Your child needs to fail, and fail often. They need to know how it feels and learn to deal with pain. They need to learn how to manage the consequences of failure. Watching your children is painful, but learning this lesson now is less painful than learning it as an adult.
Too Much Self-Esteem Is Unhealthy
“Pufferfishsyndrome” is a word to describe someone who has too much self-esteem. Someone with “Pufferfishsyndrome” has an overinflated opinion of themselves. In their eyes, they can do no wrong. They talk about themselves all the time, do not care for the feelings of others. Often they have been told for much of their lives they are great and have had little to challenge this belief. Their parents, the school system, and others have told them everything they have wanted to hear, all in the name of self-esteem.

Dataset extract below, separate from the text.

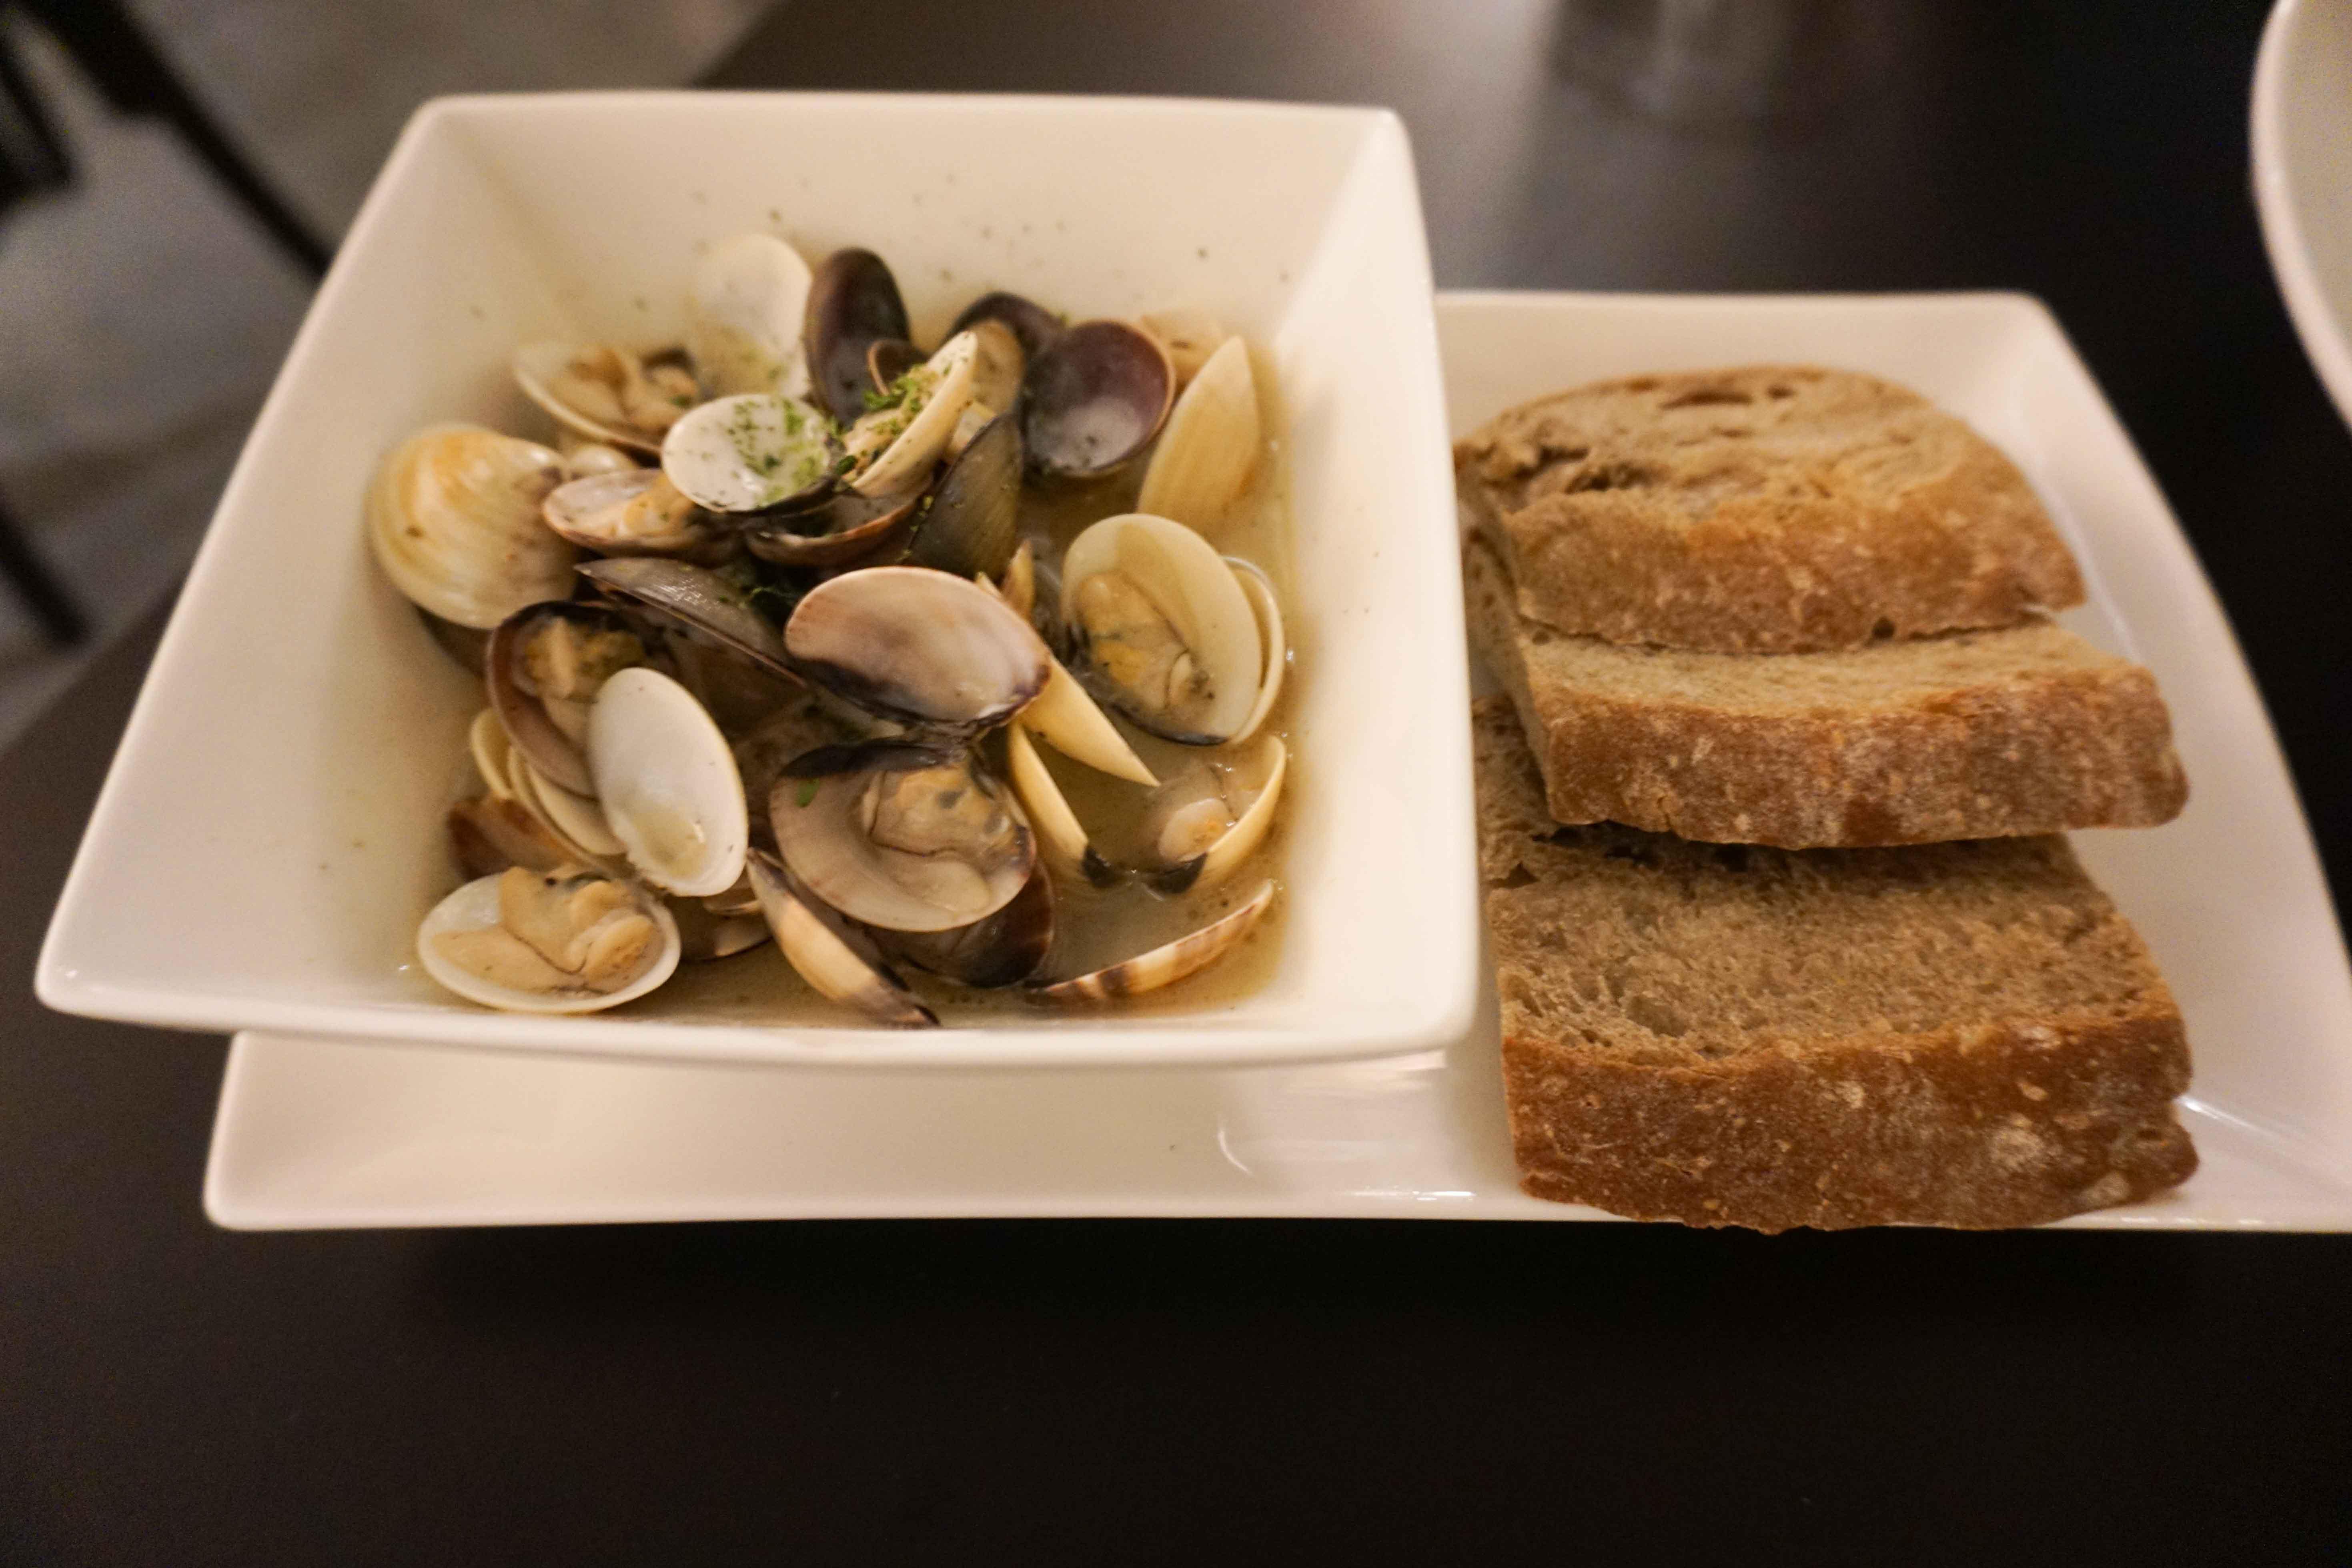 Georgetown wines clams

Too much self-esteem is just as deadly as too little. Too much self-esteem can lead to narcissism. Sadly, we are creating an entire generation of narcissists due to the pollution of too much self-esteem. Self-esteem is a balance of knowing personal strengths and weaknesses. Avoiding weaknesses due to bad feelings lead to “Pufferfishsyndrome.”
So, What Is The Solution?
The solution is to become more honest with your child and yourself. You need to know your strengths, weaknesses, and overall limitations. Admitting them is the first step is becoming a better person. What are you good at? What are you not? What goals do you have for the future? What are you doing to meet these goals? These are questions you need to ask yourself before you ask your child. Being honest with your child about your own strengths and limitations helps you discuss theirs.
Next, talk to your child and ask them about their goals. Ask them why they want them, and how they think to achieve them. If their goal is unrealistic, express your concerns, and ask them how they will overcome the limitation. Discussing alternatives to any goal is prudent, as sometimes life will get in the way.
Being a successful parent comes down to communication with your child. You have to talk to your child as often as possible about themselves, life, and the future. Talk to your child, and be honest with them, as they deserve no less.